Musically, the album's sound has been classed as pop-punk, emo and pop rock. Bells, acoustic guitars, piano and strings can be heard throughout the album. Discussing the album title, Madden said Youth Authority was the concept that "there's a kid out there right now who has a guitar, or a microphone, or a laptop, with a dream that is going to beat the odds". He said the album felt like the "GC of the past" with "a new energy to it". He mentioned "Life Changes" as encapsulating "the GC spirit", while having an arena rock chorus in the vein of Bon Jovi. "Makeshift Love" incorporates the sound of an iPhone, and is about being misunderstood by your significant other. "40 oz. Dream" bears resemblance to Bowling for Soup's version of "1985", and is a satirical view of the music industry.

"Keep Swingin'" was written while the Madden brothers were working with Quinn, starting off as a riff and quickly evolved into a complete song within a day. Joel Madden listened back to it the following week and was highly impressed by it, subsequently asking Quinn if they could include it on Youth Authority. The Madden brothers were in Los Angeles and hung out with Neil, who was there to write songs. Neil suggested the three of them write together, resulting in "Reason to Stay", in which he sings the first verse. The pop rock ballad features vocal effects akin to those used by Imogen Heap. Benji Madden was hesitant to include "The Outfield" on the album as it featured lyrics about his and brother's upbringing. "War", the heaviest track the group has written, recalls the mood of The Chronicles of Life and Death (2004). The main riff itself, also processed with digital delay, was seen as having been influenced by The Edge of U2. An earlier version of the track appeared on the iTunes deluxe edition of Greatest Remixes (2008). "Moving On" channels the electro-dance vibe of Good Morning Revival (2007).

==Release==
On November 3, 2015, the band announced an end to their hiatus. Two days later, "Makeshift Love" was released as a single. In addition, a lyric video was also released, directed by Christopher Sullivan. A music video for the track, featuring Mikey Way and Feldmann, was released on November 13 In the video, which was directed by Jake Stark, people use an app to send members of the band to break up with a significant other on their behalf. On March 30, 2016, their new album was announced for release in July. On April 1, the album title Youth Authority and artwork were revealed. The artwork was done in collaboration with artist Brian Montuori and features 192 different pieces of posters, flyers and magazines. Following a premier on Beats 1 on April 4, a lyric video was released for "40 oz. Dream", directed by Josh Madden. On the same day, the album's track listing was released.

On May 2, "40 oz. Dream" was released as a single. On May 12, "Life Changes" was made available for streaming. On June 9, a music video for "40 oz. Dream" premiered on Hot Topic's website. The video is set in a post-apocalyptic earth and sees the group as the only survivors exploring the planet. On June 13, a lyric video was released for "Life Can't Get Much Better", which features photos of fans with the band; it was released as a single on June 20. A lyric video was released for "Life Changes" on June 29; a music video for "Life Can't Get Much Better" followed on July 12, directed by Elijah Alvarado. Youth Authority was released on July 15 through the Madden brothers' own label MDDN with distribution handled by Kobalt Label Services.

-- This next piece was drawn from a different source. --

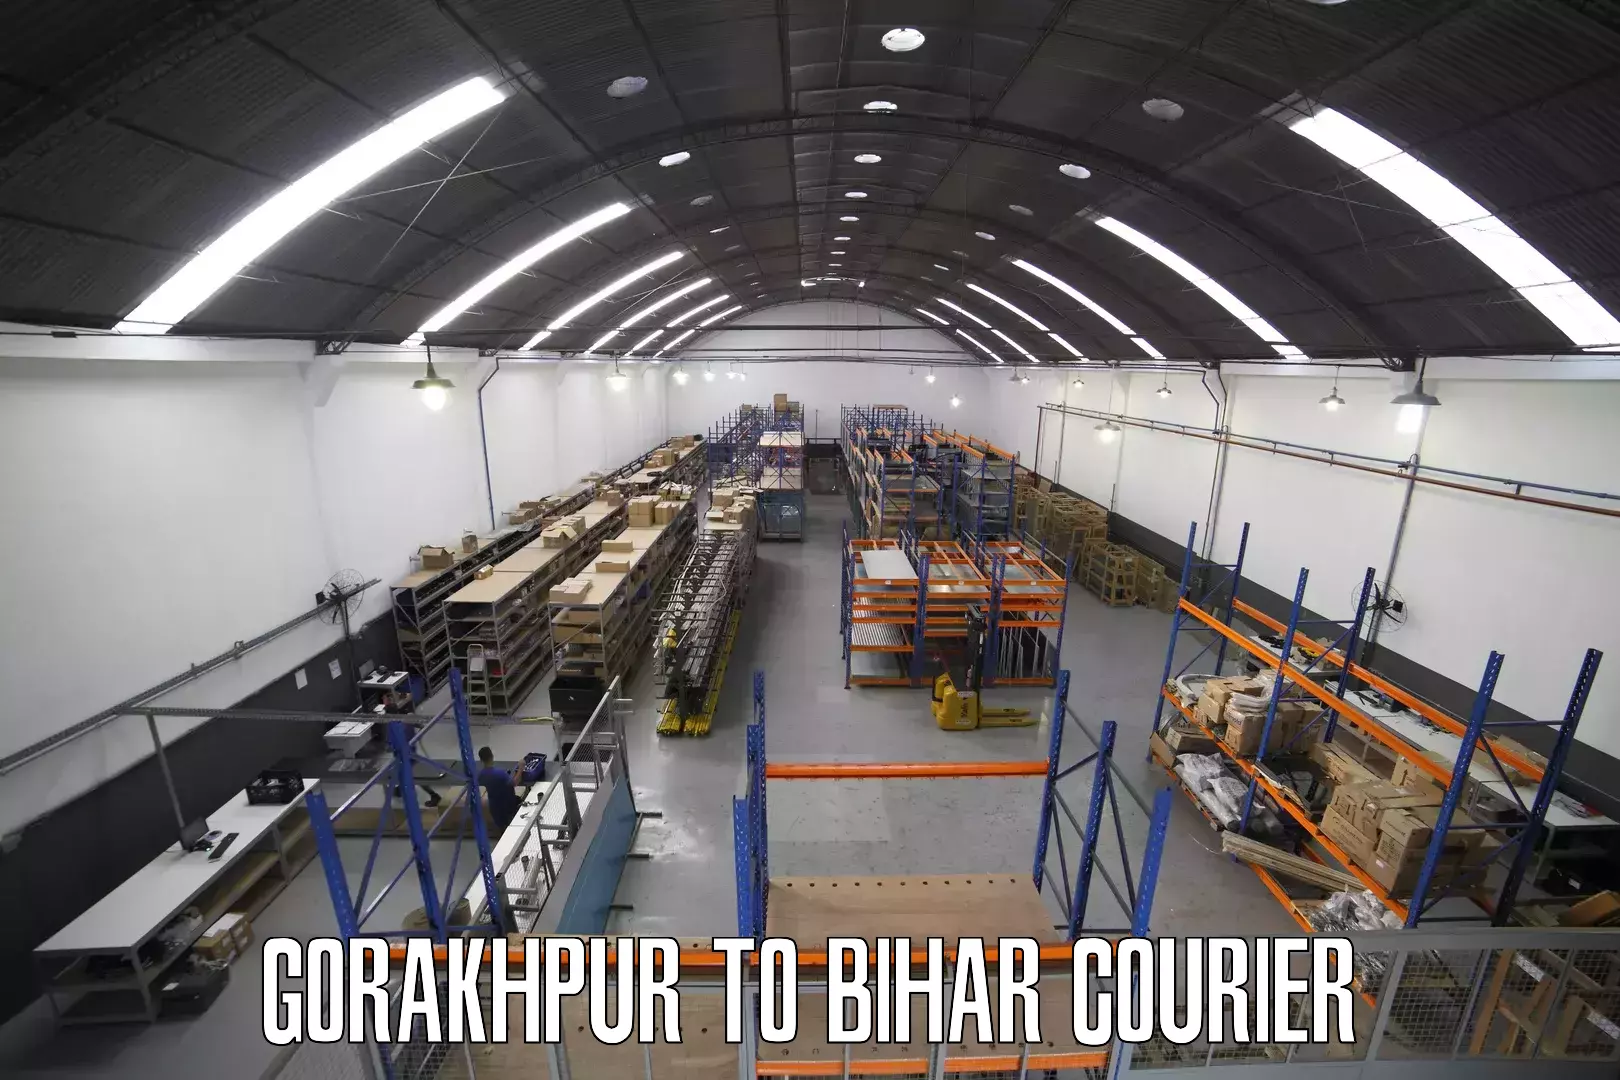 State-of-the-art courier technology Gorakhpur to Mairwa
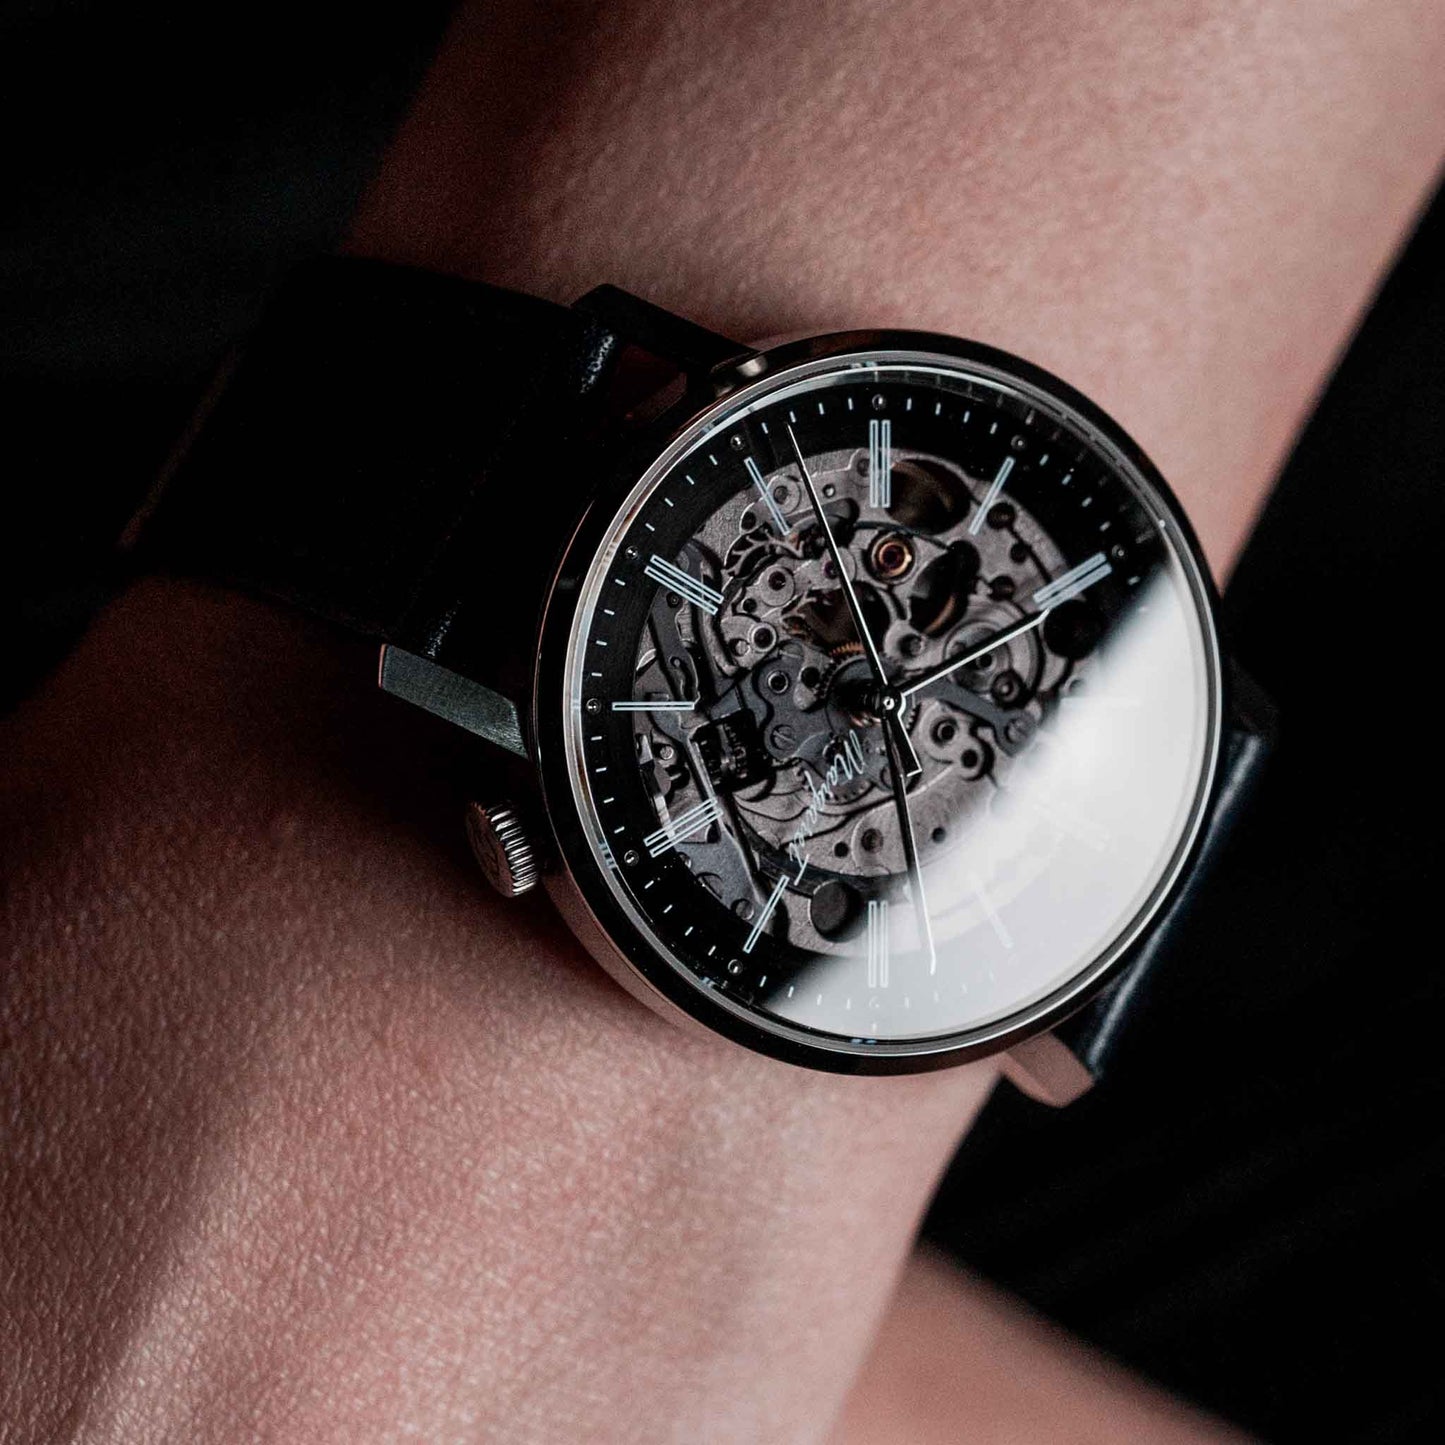 EONIQ custom watch - ALSTER series with sapphire dial - wrist shot

The brothers said the "team [that distributes the release] is just as important as the songs." Different retailers and countries included different bonus tracks: the iTunes version included "Rise"; the Best Buy edition featured "We'll Let It All Out" and "Life Is Hard"; the Japanese edition, which was released in September, featured "We'll Let It All Out", "Life Is Hard" and "Comatose". On September 7, a music video was released for "Life Changes"; directed by Alvarado, it features footage from the All Time Low tour and Warped Tour. On June 9, 2017, a music video was released for "Keep Swingin'", which consists of tour footage. On August 22, a music video was released for "War". The video's message is about the effect relationships can have on other people. The clip focuses on a boy who hears his parents fighting; wanting to escape, he goes outside before ending up at an arcade.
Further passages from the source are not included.